About this exercise: Scan the lines below and report each one containing "renovation" by copying it.

Records for the task:
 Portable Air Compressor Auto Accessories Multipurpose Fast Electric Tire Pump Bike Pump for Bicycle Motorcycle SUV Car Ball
* * *
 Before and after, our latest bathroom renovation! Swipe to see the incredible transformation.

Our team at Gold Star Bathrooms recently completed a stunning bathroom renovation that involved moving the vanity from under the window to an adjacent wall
==
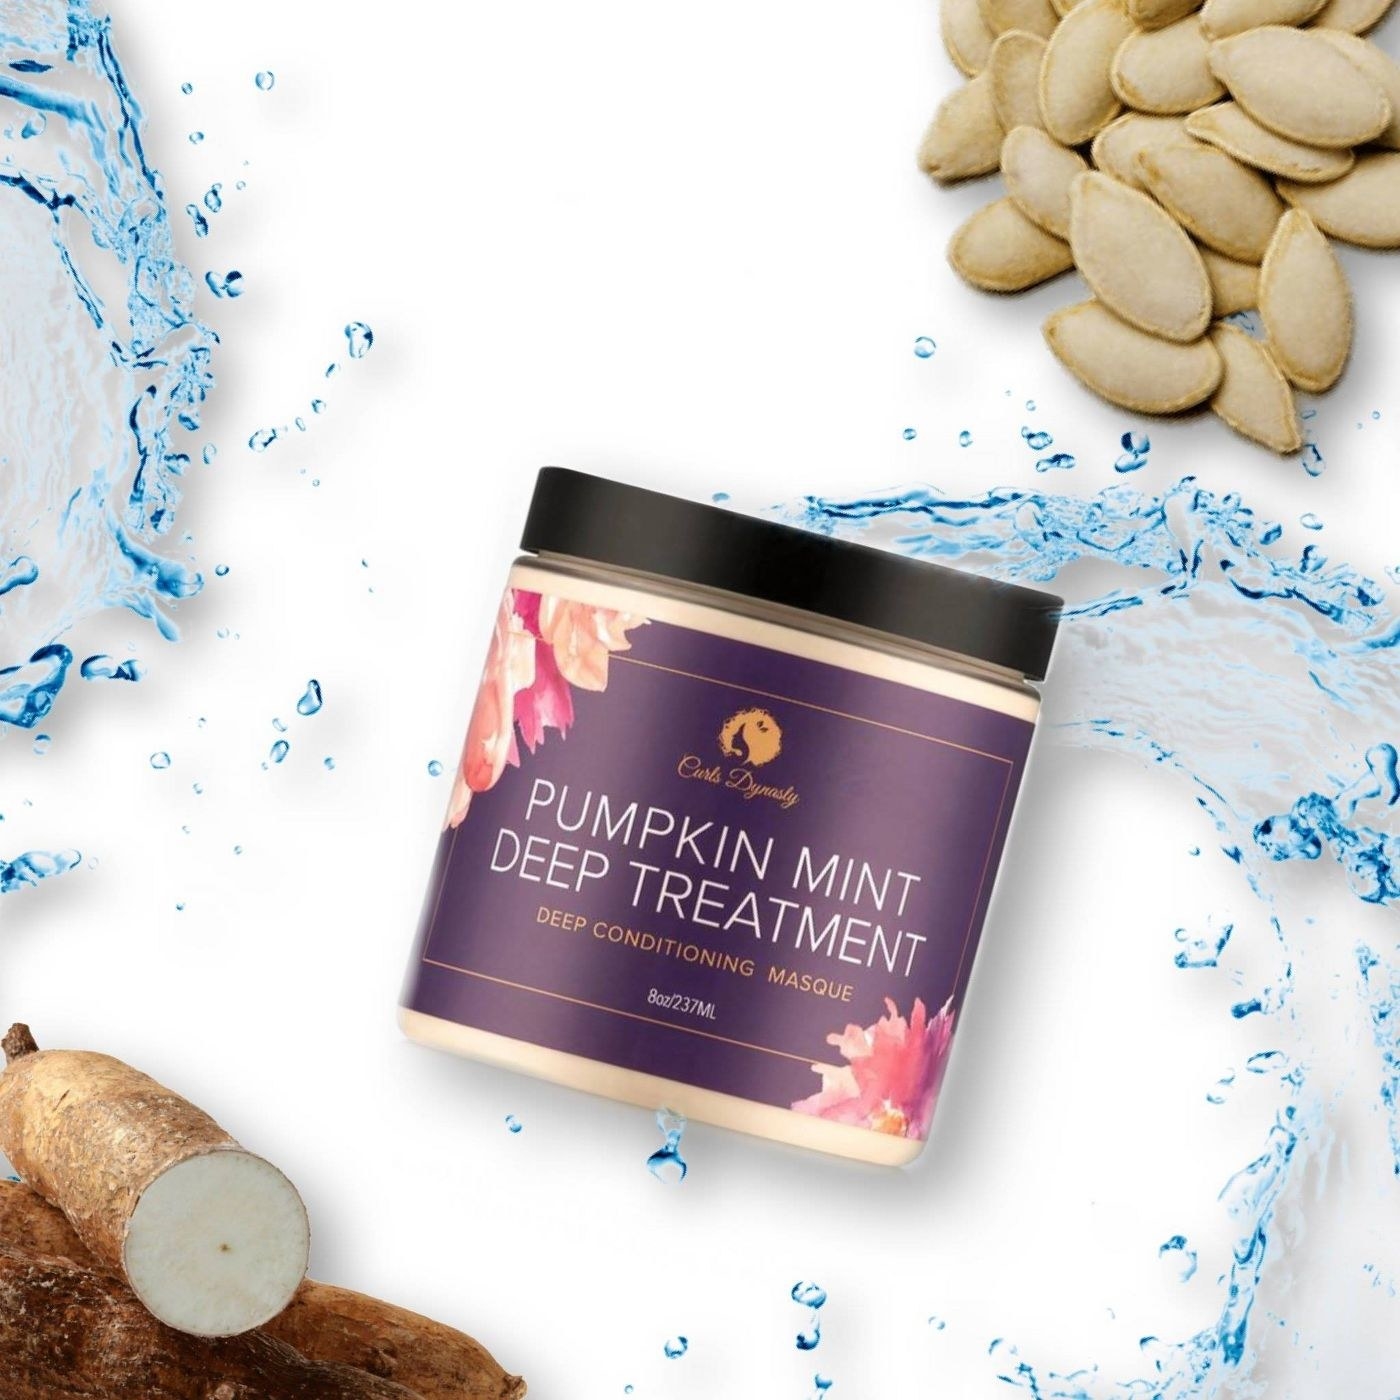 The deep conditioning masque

Response for this exercise:
 Before and after, our latest bathroom renovation! Swipe to see the incredible transformation.
Our team at Gold Star Bathrooms recently completed a stunning bathroom renovation that involved moving the vanity from under the window to an adjacent wall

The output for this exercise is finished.